Williams, often called the “greatest hitter who ever lived,” was followed closely by sports writers thanks to his superb slugging skills and John Wayne-like persona as a foul-mouth outdoorsman. But the future Hall of Famer regularly clashed with critical journalists and had public spats with his numerous wives. The slugger also lost prime years because of service in World War II and the Korean War — something that angered him.
“We wanted to know... who was this man, who had such an effect on so many people?” director Nick Davis said. “He was so complicated and so full of contradictions and rages. Where did it all come from?”
The San Diego-born Williams played 19 years as a left fielder for the Boston Red Sox where he won two American League Most Valuable Player Awards and twice took the Triple Crown. He finished his career with a .344 batting average and 521 home runs, both of which rank among the top in baseball history.
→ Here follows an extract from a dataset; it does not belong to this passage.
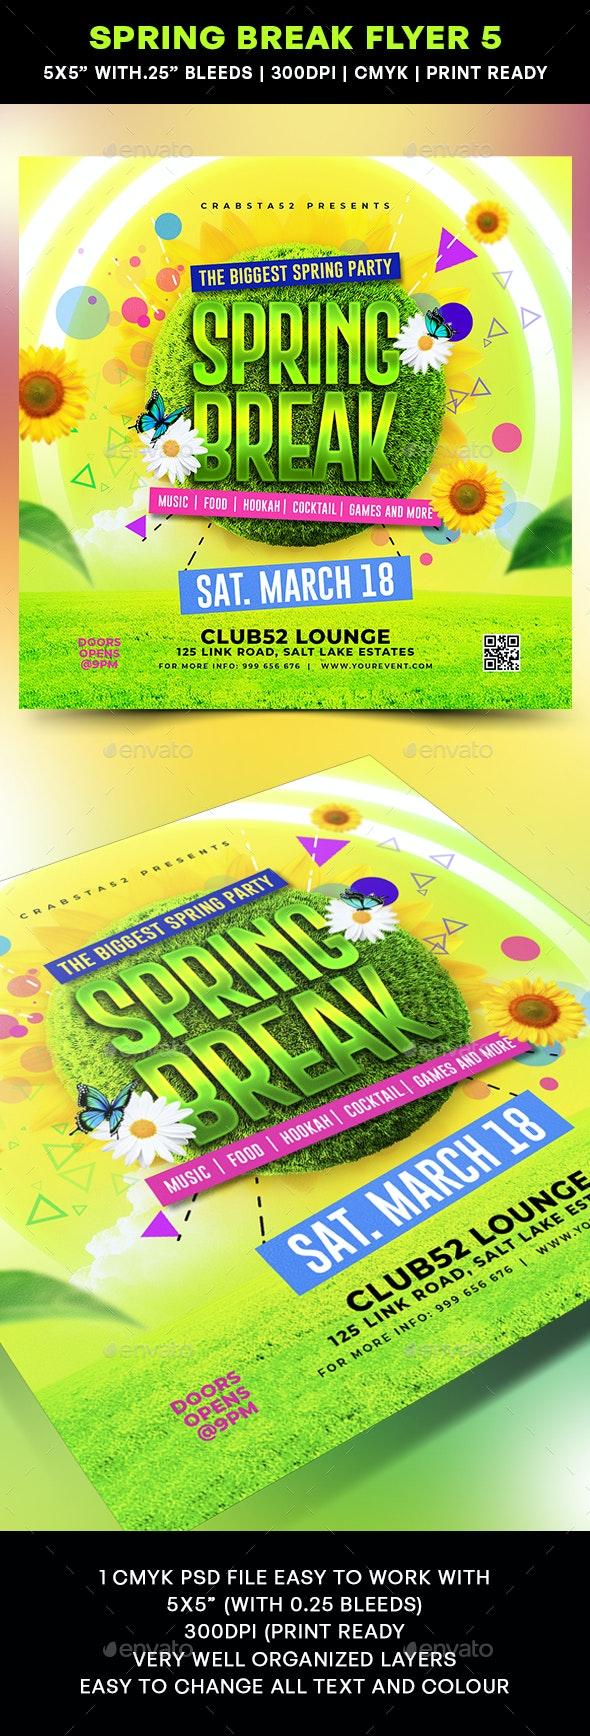 Spring Break Flyer 5 - Flyers Print Templates

While many of Williams’ professional accomplishments and personal clashes were widely known, Davis said few knew about Williams’ ethnic background until Ben Bradlee, Jr.’s wellresearched 2013 book, “The Kid: The Immortal Life of Ted Williams.”
Davis said Williams kept his Mexican-American heritage a secret at a time when no black players were allowed in the major leagues and the Red Sox were owned by Tom Yawkey, a controversial figure who was the last owner to integrate a major league baseball team.
Williams was born to Samuel Stuart Williams and May Venzor, a MexicanAmerican Salvation Army devotee who often volunteered in Tijuana, Mexico, leaving Williams and his brother to fend for themselves with their alcoholic father, Bradlee said. His Mexican family ended up in San Diego as tension simmered before the Mexican Revolution began in 1910.
It’s a past Williams concealed until near the end of his life, said Bradlee, who was among those interviewed for the film. “He was ashamed.”
After his sensational 1939 rookie year, Williams returned to San Diego to find around 20 of his MexicanAmericans relatives waiting for him at the train station. Williams took one look at them and fled.
Bradlee, who was among those interviewed for the film and who found some of Williams’ cousins, said the family remained proud of his on-the-field achievements.